Friday, May 04, 2018

It Was The Week We Learned How Sharp Mueller's Spear Really Is. (Hint: Very Sharp)

© NANCY OHANIAN / USED WITH PERMISSION
The Senate and the House are net fishing.  The special counsel is spearfishing. They know what they are aiming at and are deadly accurate. ~ Former Trump campaign aide MICHAEL CAPUTO 
It was the week of the Forty-Nine Questions.  And then some as Donald Trump shed one criminal defense lawyer and hired another versed in the ways of impeachment, Rocket Man played him for the fool he is, we learned Trump's bodyguard had stolen his medical records for him, Rudy Giuliani made Sean Hannity pee all over his Pradas, the president further undercut his own Justice Department, and we learned just how sharp Robert Mueller's spear really is. 
Very sharp. 
All of this would be uproariously funny, and aspects were undeniably clownish.  Like when we learned that one of Trump's lawyers actually told Mueller that a man who has spent one out of four days of his presidency playing golf was "too busy running the country" to submit to an interview.  But we (or me, anyway) are brought up short when we realize that this isn't a season of "Saturday Night Live" skits.  They are far from comic episodes crammed into a mere week of our once proud nation's history starring a thug who happens to occupy the Oval Office and a benighted Republican congressional sycophancy doing a pretty good imitation of Hitler's brownshirts to further undermine a democracy already on the ropes as they subvert or destroy everything we value.
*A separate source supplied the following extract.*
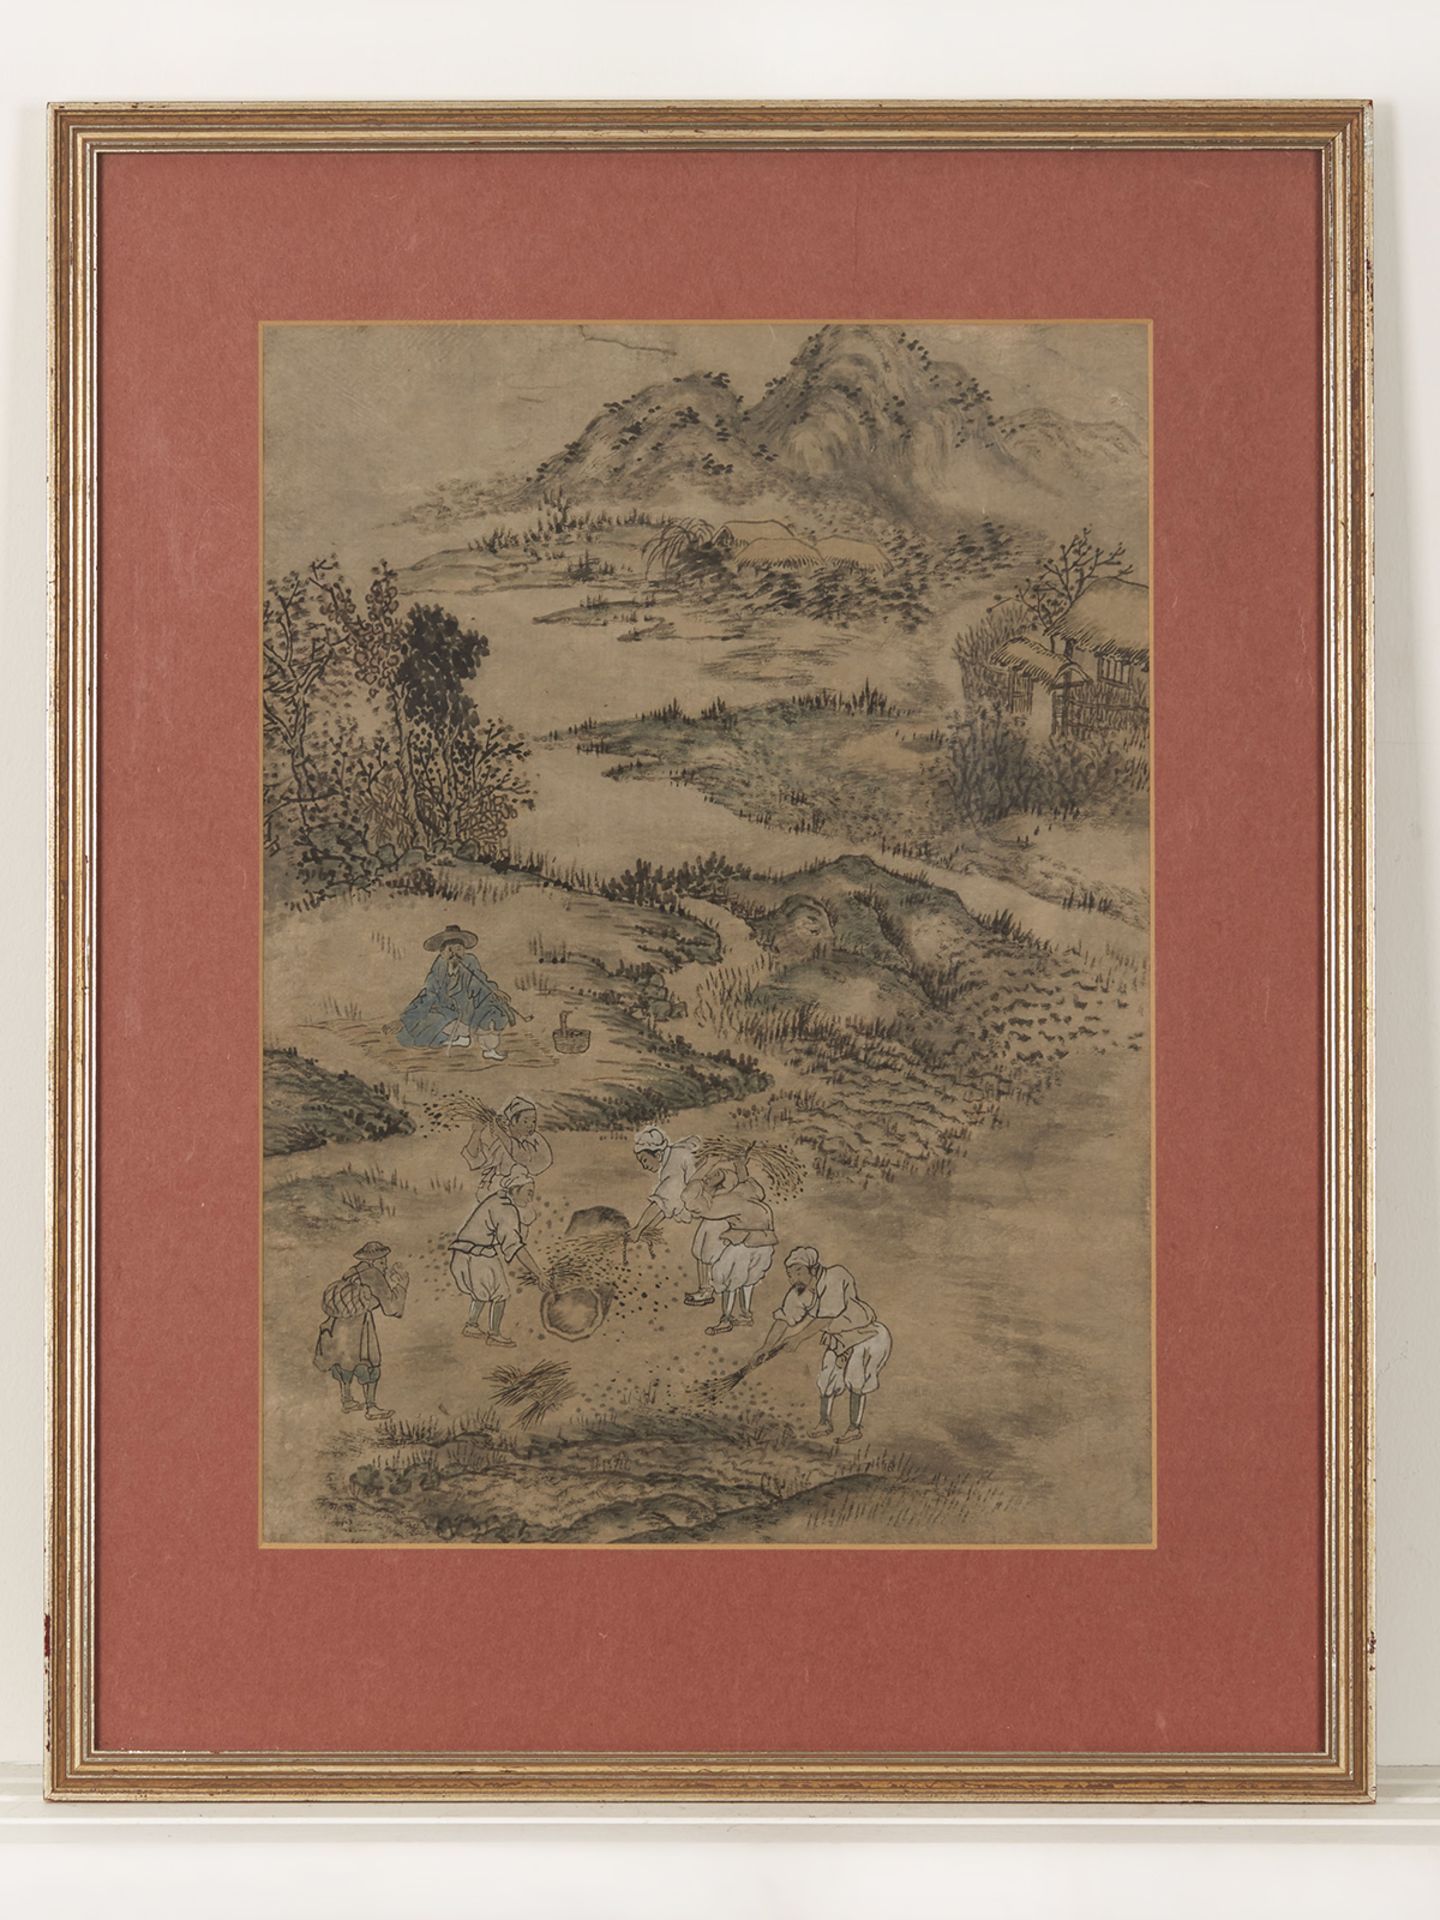 ANTIQUE CHINESE FARMING LANDSCAPE, INK ON PAPER, 19TH C.

Giuliani recently joined Trump's depleted legal team because of the bombast he would bring to appearances on Fox News, where he could reassure Trump's base that together they would repel Mueller's insidious deep-state plot to undermine the Make American Great Again presidency in revenge for Hillary Clinton losing the 2016 election.   
But when Giuliani went way off script in a Wednesday night appearance with Fox prime-time host Hannity in a bumbling attempt to curry favor with the boss but instead tripped up Trump and his spokesmouths while highlighting their contradictory statements about porn star Stormy Daniels, an astonished Hannity tried and failed to get America's Mayor to put a cork in it.   
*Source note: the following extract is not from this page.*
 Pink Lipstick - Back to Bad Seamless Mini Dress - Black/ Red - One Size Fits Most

Undeterred and seemingly unaware, Giuliani prattled on that the very $130,000 hush payment made to Daniels courtesy of Trump fixer Michael Cohen that the president swore he knew nothing about when queried by reporters on April 5 on Air Force One not only existed and Trump not only knew about it, but he had paid back Cohen, which is more than you can say for a lot of other people to whom Trump has owed money over the years, including legions of lawyers. 
"I want to clarify something," said Hannity, now a bilious shade of green, in offering Giuliani a do-over.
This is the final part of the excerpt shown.